What is permission in principle?

In short, PiP is a new, 'alternative', route to obtaining planning permission. The broad intention behind it is to separate 'in principle' matters such as use and location from technical details, which are left to be agreed later. Theoretically, this will provide greater certainty earlier on in the planning process (particularly when compared to a site allocation). This, in turn, is expected to make it easier for developers and lenders to commit resources to a project, knowing that the planning risk is mitigated to some extent having secured a friendly nod that the principle of the proposed development is acceptable. That then 'just' leaves the technical details to be submitted and, hopefully, approved subsequently.

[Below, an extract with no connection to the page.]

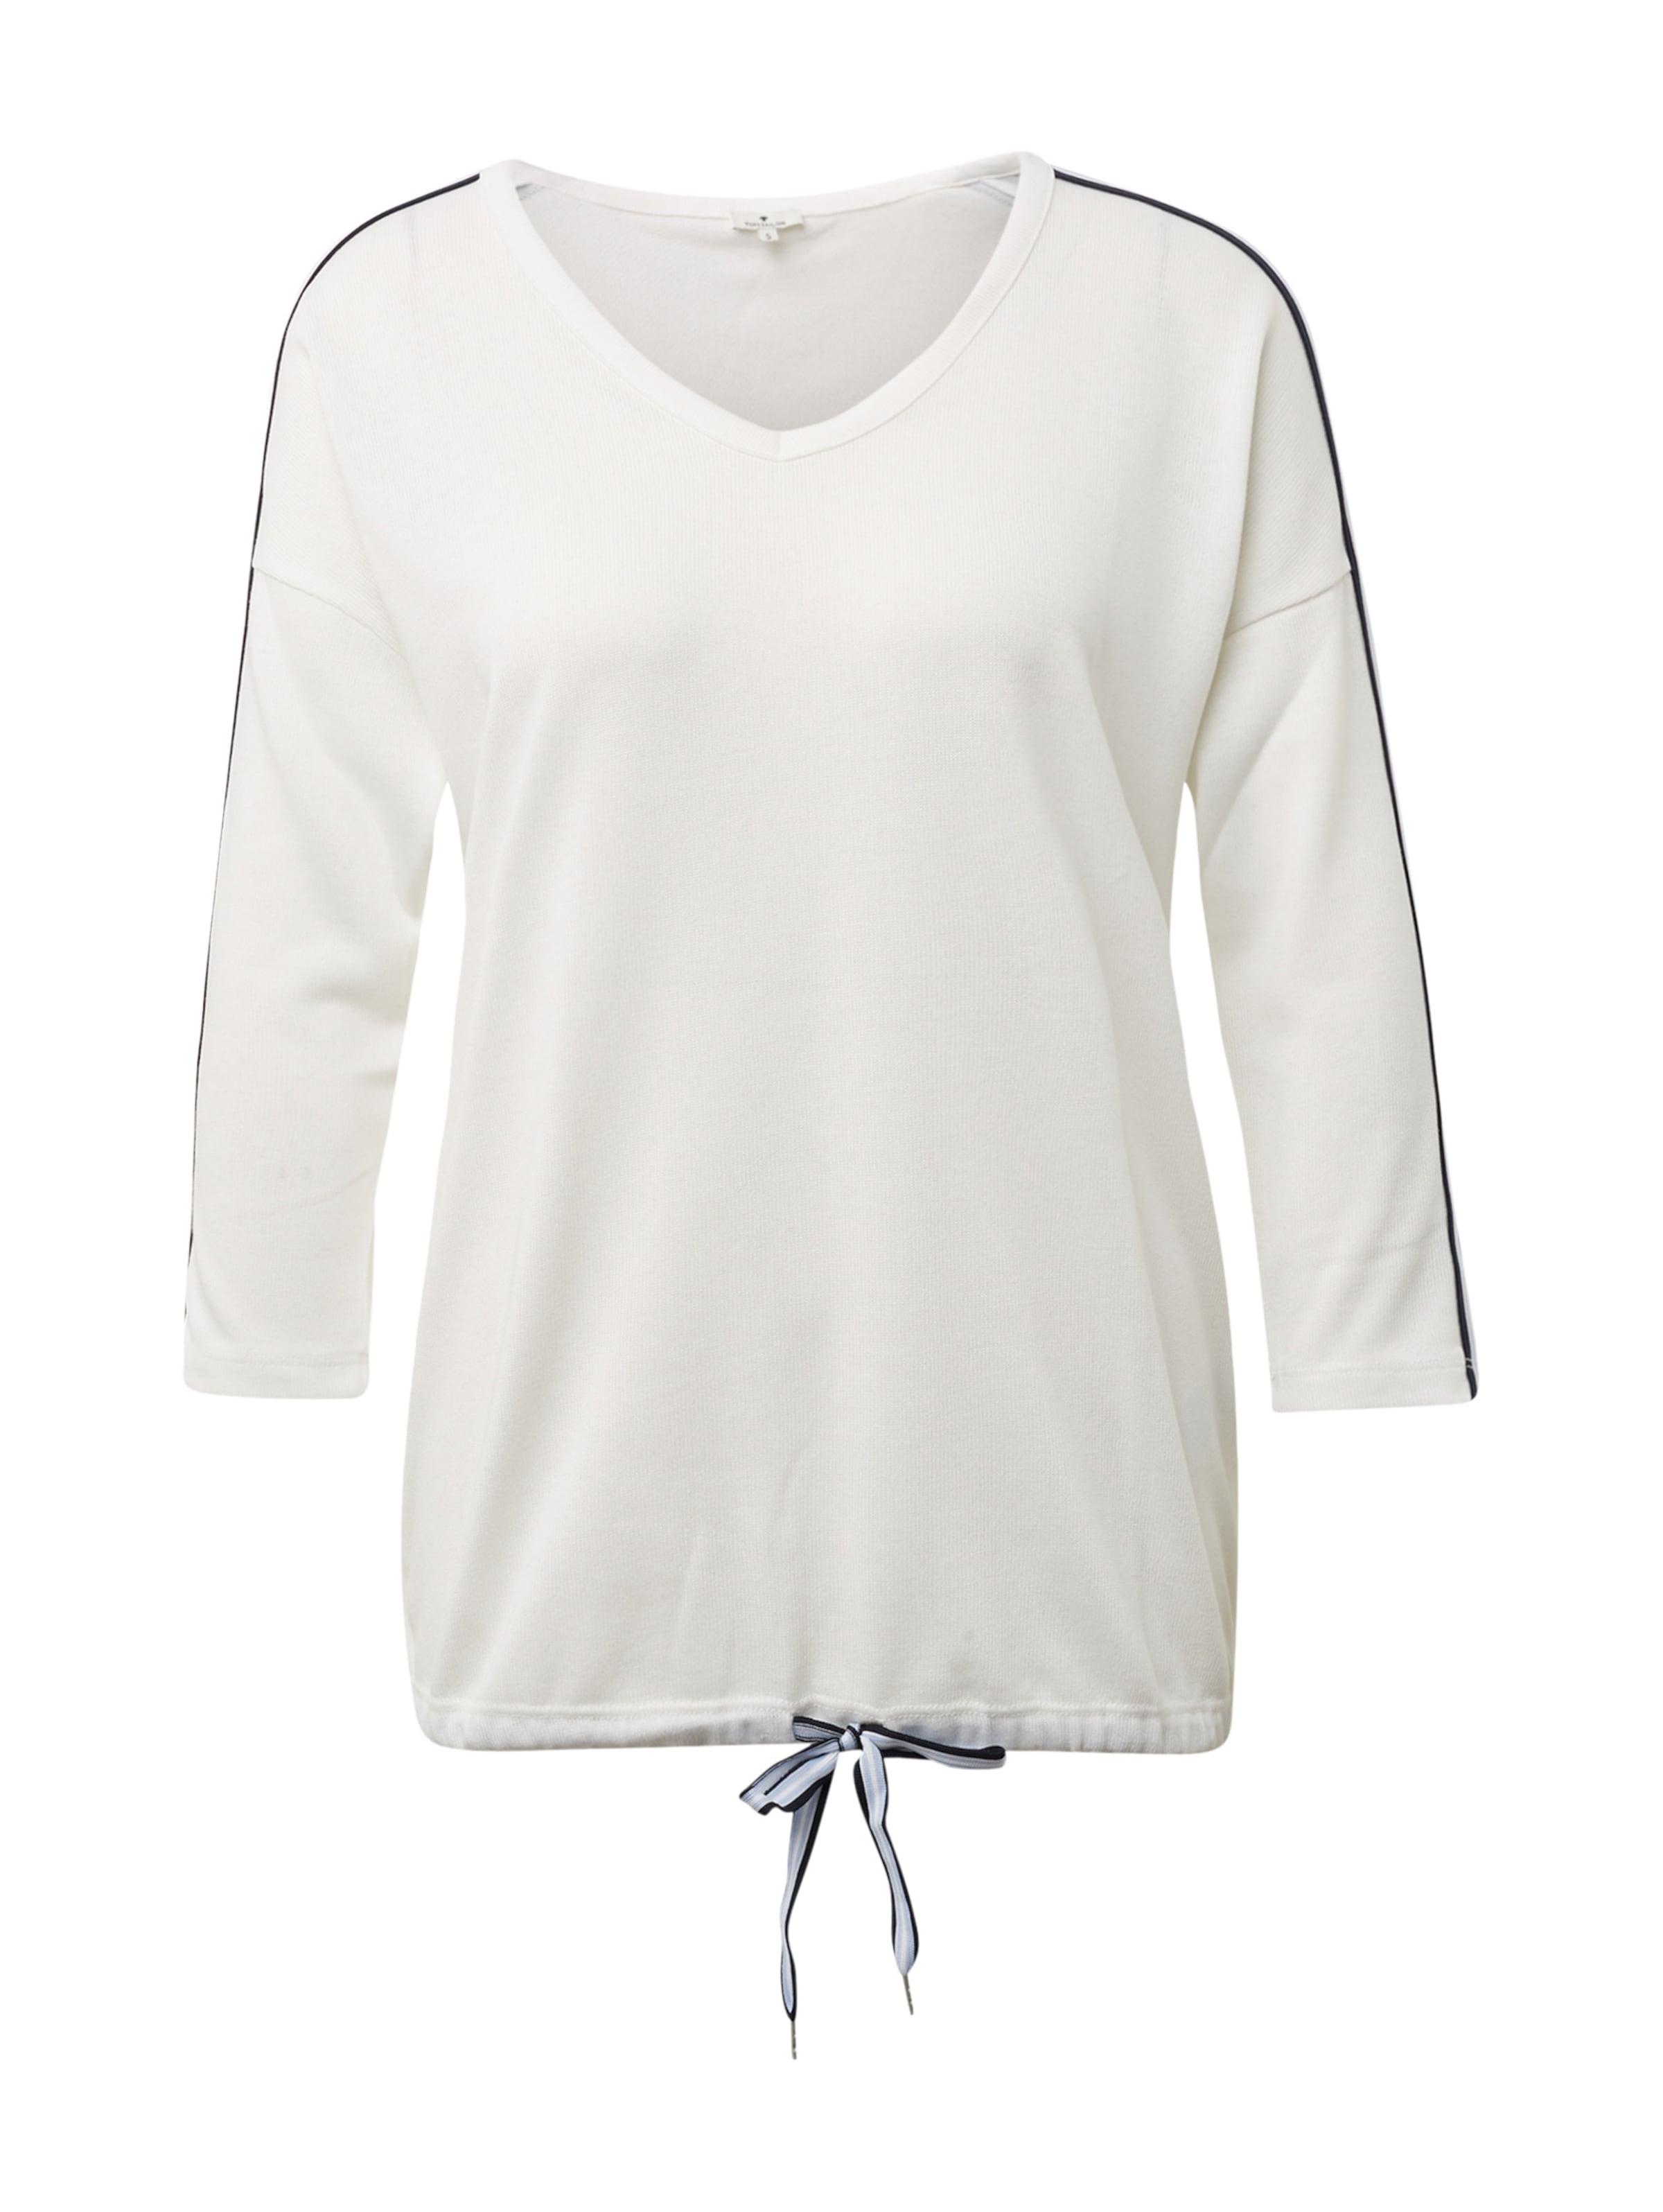 Bleu Tom Tailor shirt En NuitBlanc T nwN8mvO0

This expectation was echoed by Brandon Lewis MP during the Bill's passage through Parliament when he commented that:

... planning permission in principle will give applicants greater certainty that the suitability of land for development is agreed so they have the confidence to invest in the technical detail without fear that the fundamental principle of development will be reopened. The technical detail stage will provide the opportunity to assess the detailed design of the scheme to ensure that any impacts are appropriately mitigated and that the contributions to essential infrastructure, for example, are secured. If the technical details are not acceptable, the local authority can refuse the application.

Legislative background

PiP was first introduced through s150 of the HPA 2016 which has, in turn, amended the Town and Country Planning Act 1990 (TCPA 1990 – now s59A(1)). Subsequent secondary legislation has now yielded the Housing and Planning Act 2016 (Permission in Principle, etc) (Miscellaneous Amendments) (England) Regulations 2017 (in force from 27 March 2017) and the Town and Country Planning (Permission in Principle) Order 2017 (in force from 15 April 2017). At present, the picture is not yet complete, with further secondary legislation awaited to bring into effect remaining provisions envisaged under the PiP regime.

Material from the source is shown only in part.